Javier Cabrera

Personal information
- Full name: Marcelo Javier Cabrera Rivera
- Date of birth: 18 March 1992 (age 34)
- Place of birth: Florida, Uruguay
- Height: 1.68 m (5 ft 6 in)
- Position: Winger

Team information
- Current team: Peñarol
- Number: 7

Youth career
- Montevideo Wanderers

Senior career*
- Years: Team / Apps / (Gls)
- 2010–2017: Montevideo Wanderers / 125 / (7)
- 2014–2015: → Recreativo (loan) / 21 / (0)
- 2016–2017: → Argentinos Juniors (loan) / 38 / (6)
- 2017–2018: Argentinos Juniors / 26 / (1)
- 2018–2019: Toluca / 5 / (0)
- 2019: Montevideo Wanderers / 12 / (1)
- 2019–2020: Melbourne City / 9 / (1)
- 2020: Unión Santa Fe / 13 / (2)
- 2021–2023: Argentinos Juniors / 103 / (4)
- 2024–: Peñarol / 48 / (6)

= Javier Cabrera (footballer) =

Uruguayan footballer (born 1992)

Marcelo Javier Cabrera Rivera (born 18 March 1992) is a Uruguayan footballer who plays for Peñarol as a right winger.

==Club career==
Born in Florida, Cabrera graduated from Montevideo Wanderers F.C.'s youth setup.

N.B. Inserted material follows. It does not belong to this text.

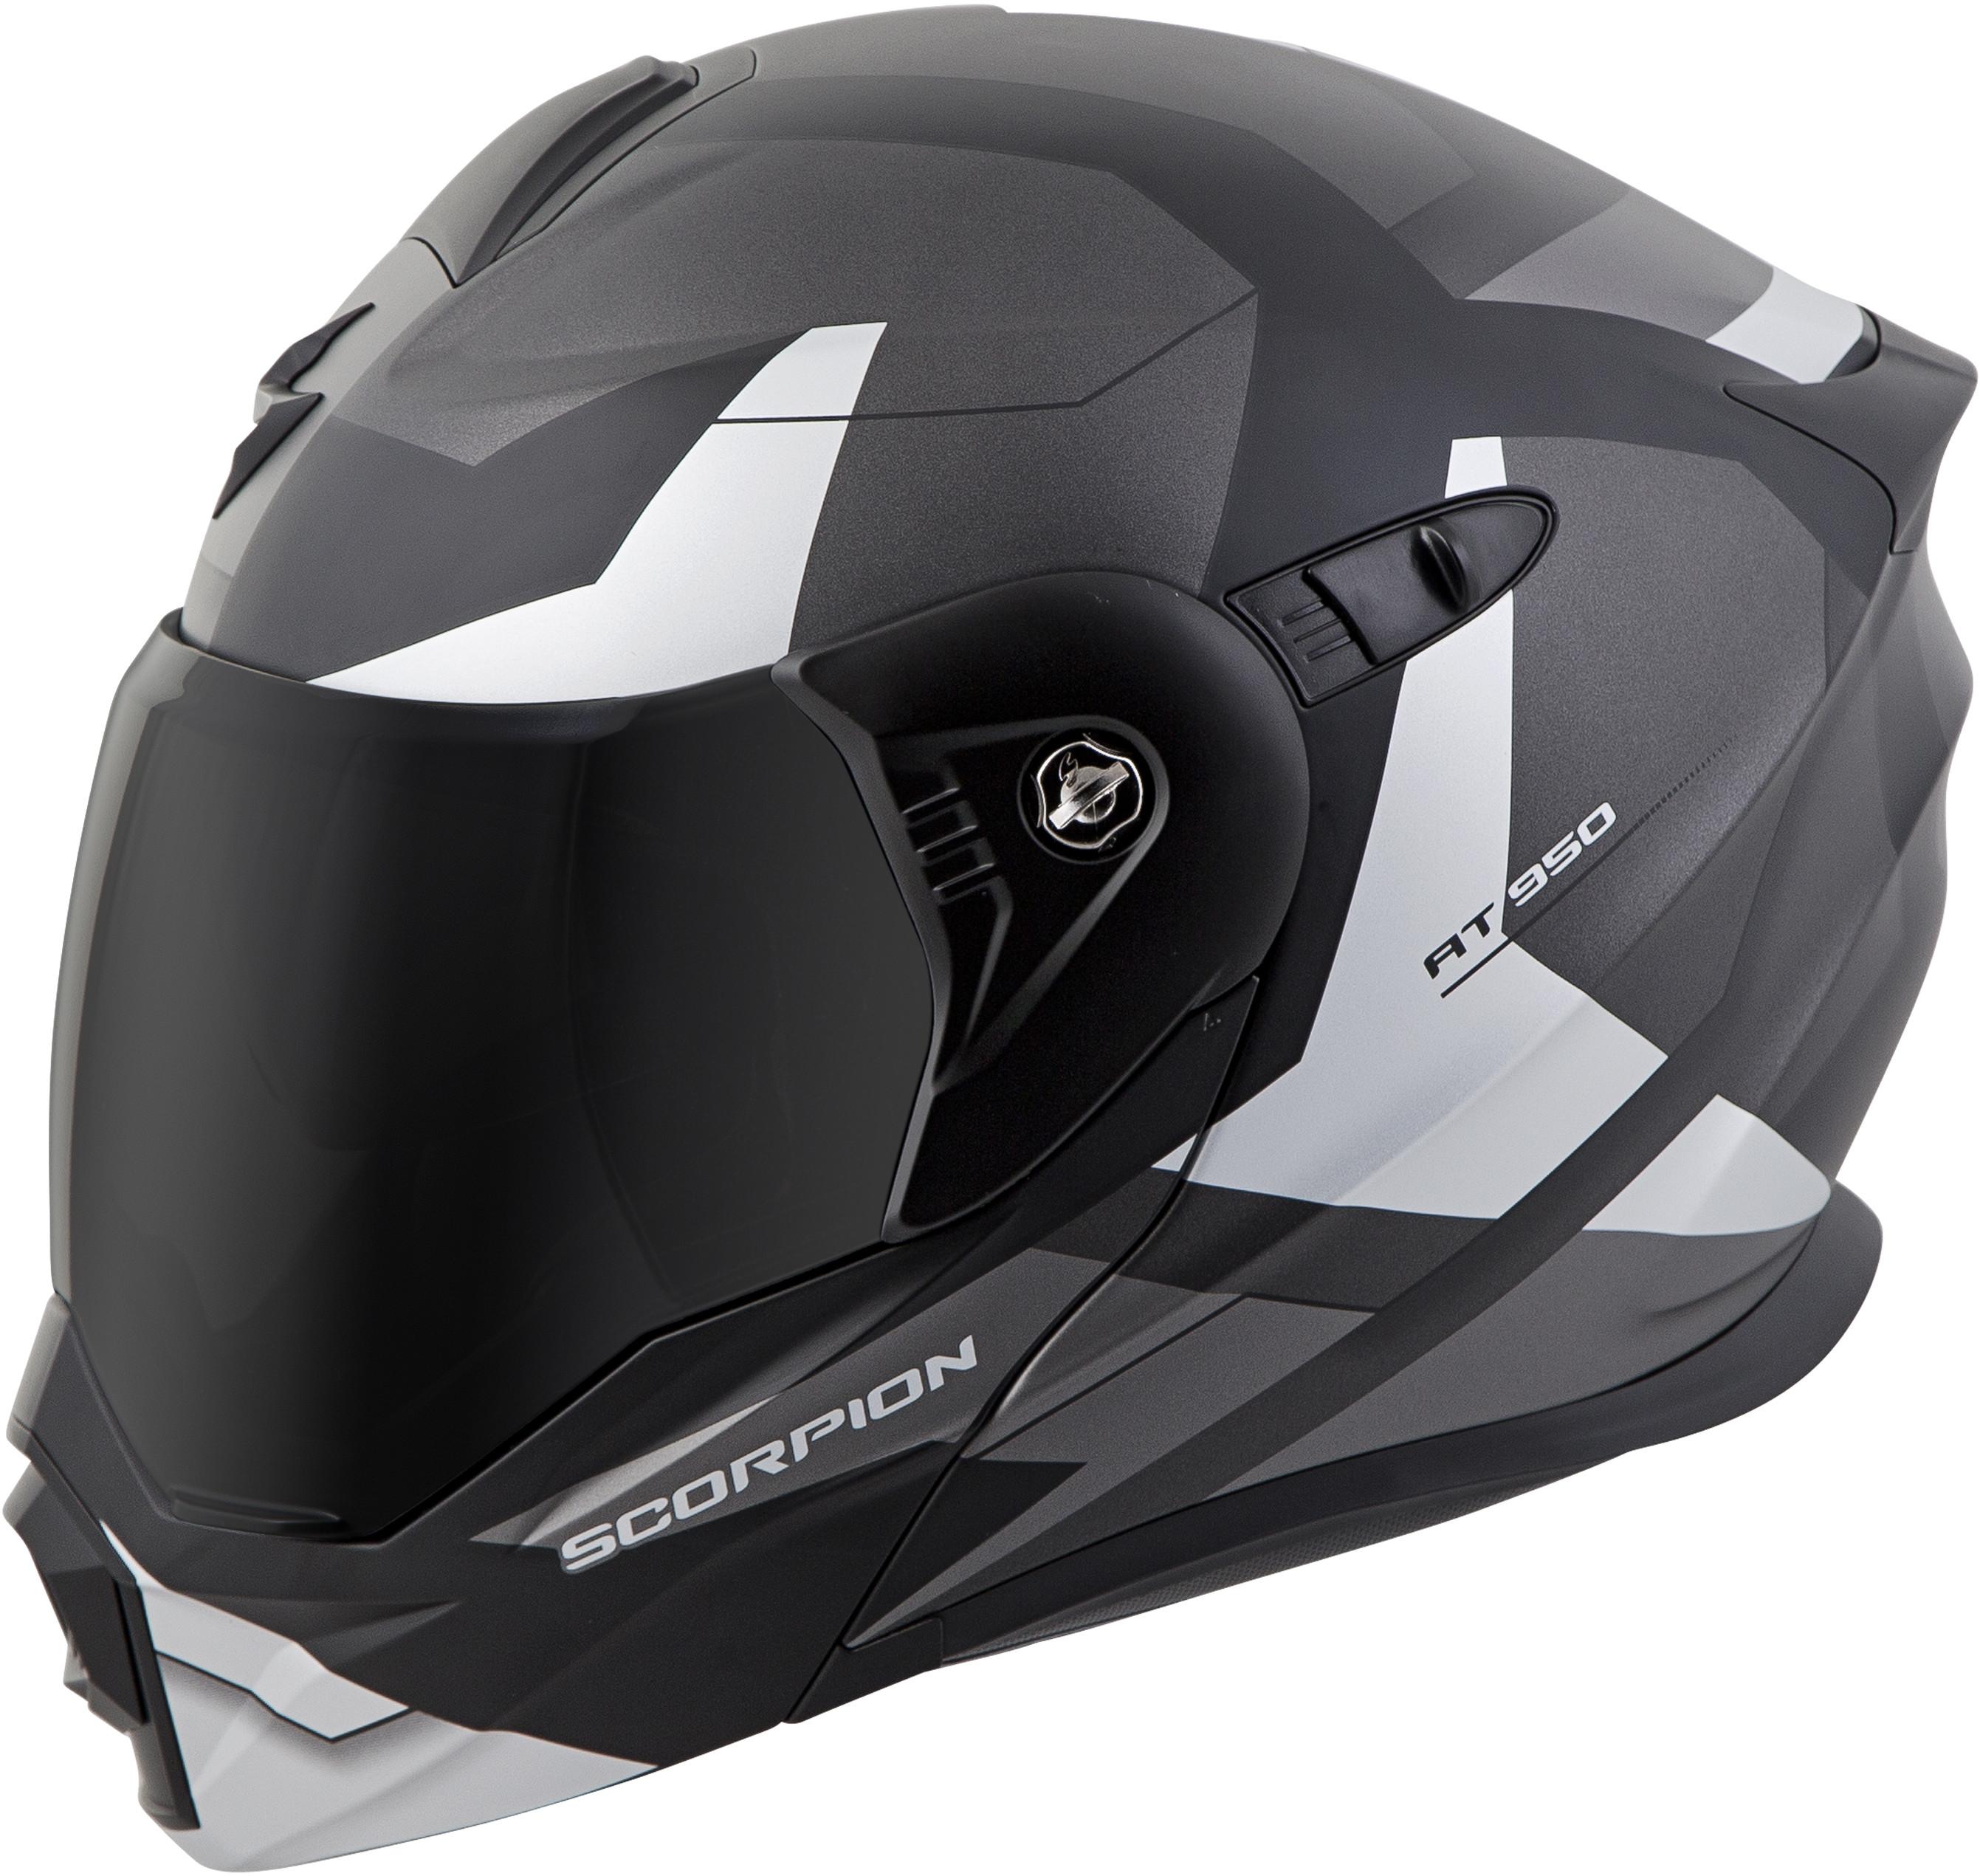 for-Scorpion-Helmet-EXO-AT950-Neocon-Snow-Helmet-with-Dual-Lens-Shield miniature 33

On 11 April 2010, he played his first match as a professional, coming on as a late substitute in a 1–1 away draw against Liverpool F.C. for the Uruguayan Primera División championship.

Cabrera scored his first professional goal on 2 October 2010, in a 2–0 away win against Racing Club de Montevideo. He appeared regularly for the club in the following three campaigns, but with his side only achieving mid-table positions.

On 21 July 2014 Cabrera signed a one-year loan deal with Recreativo de Huelva, in Spanish Segunda División. He made his debut for the club on 31 August, starting in a 0–0 away draw against Deportivo Alavés.

On 9 July 2019, Cabrera was signed on a 2-year deal by Australian A-League club Melbourne City.